PROBLEM STATEMENT: The full listing, minus its pictures, should be printed again exactly as it stands.

INFORMATION SUPPLIED:
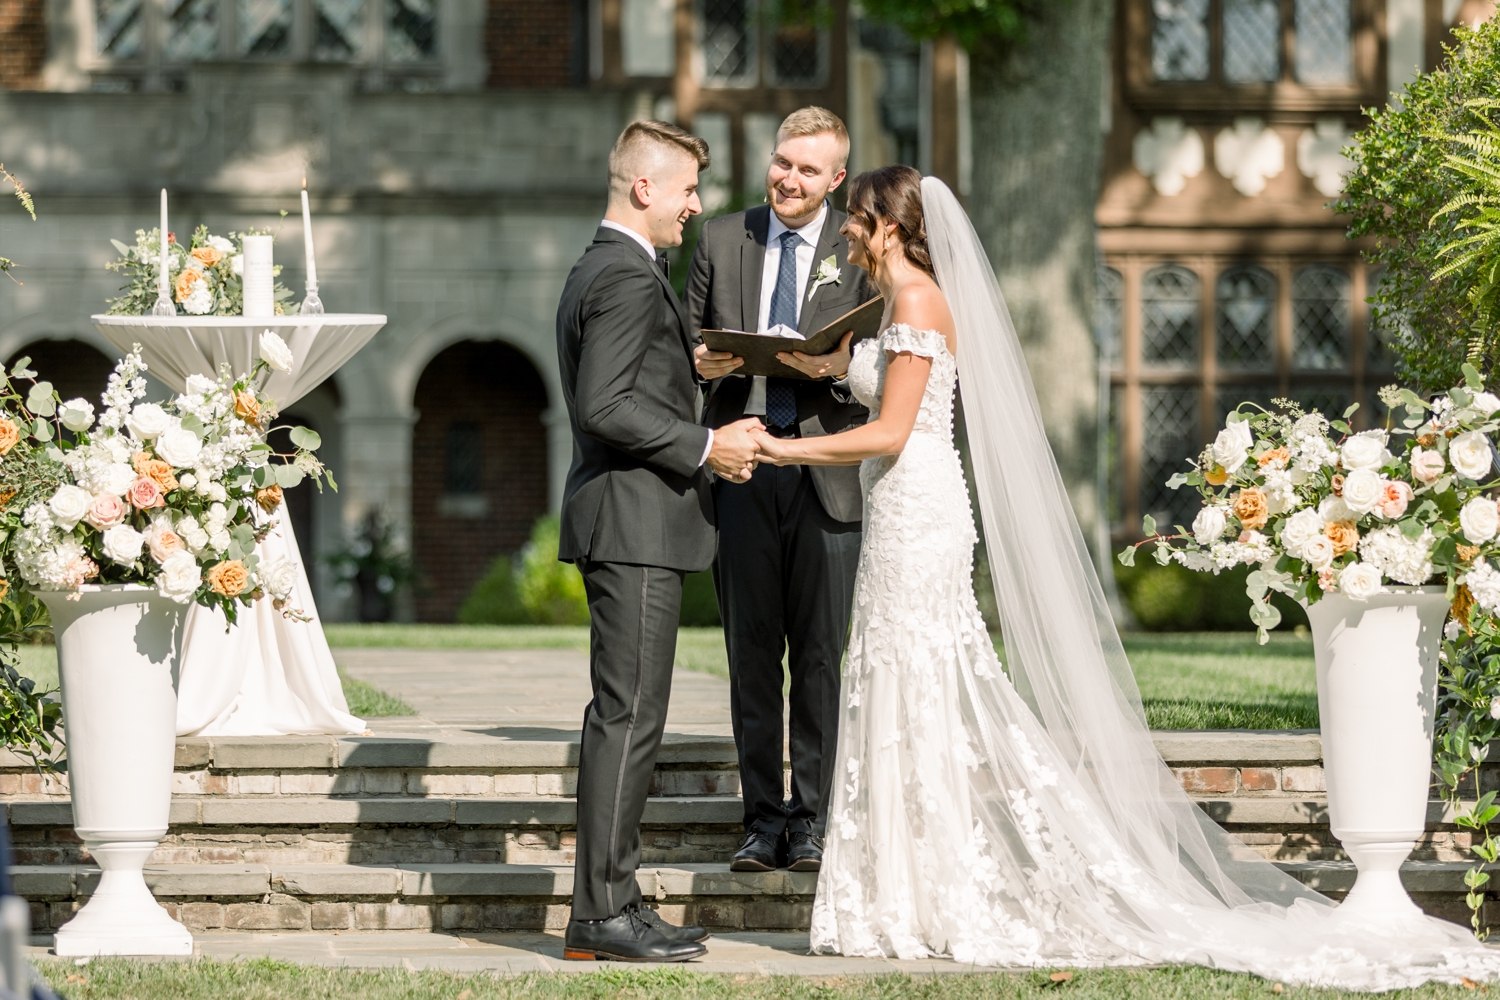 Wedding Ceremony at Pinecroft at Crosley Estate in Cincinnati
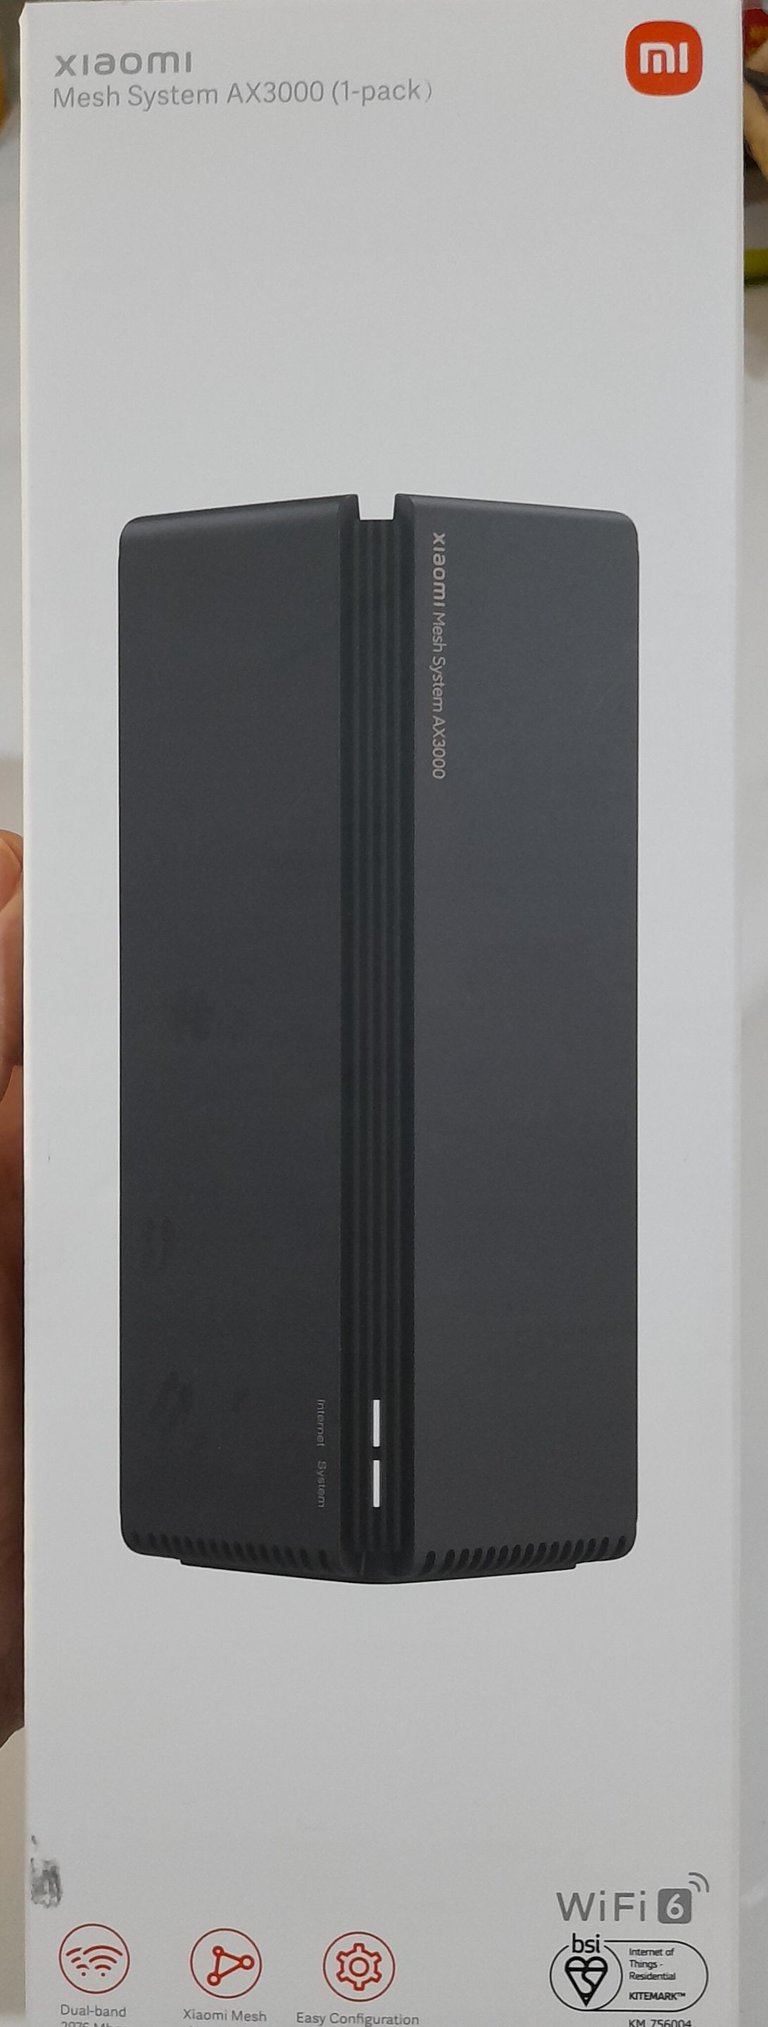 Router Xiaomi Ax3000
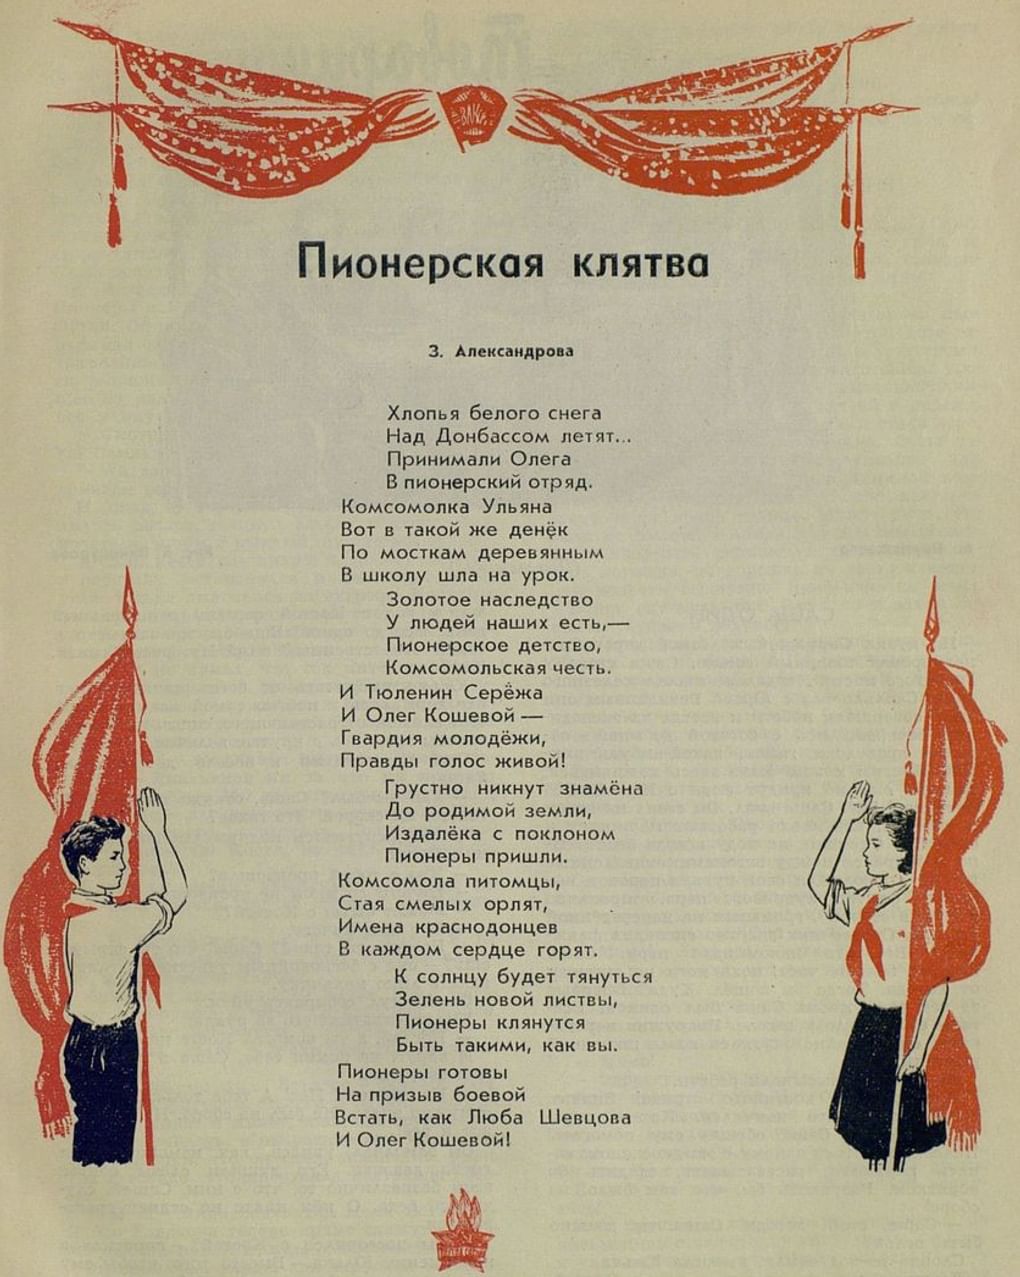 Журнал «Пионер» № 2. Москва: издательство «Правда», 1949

WRITTEN SOLUTION:
 Wedding Ceremony at Pinecroft at Crosley Estate in Cincinnati
 Router Xiaomi Ax3000
 Журнал «Пионер» № 2. Москва: издательство «Правда», 1949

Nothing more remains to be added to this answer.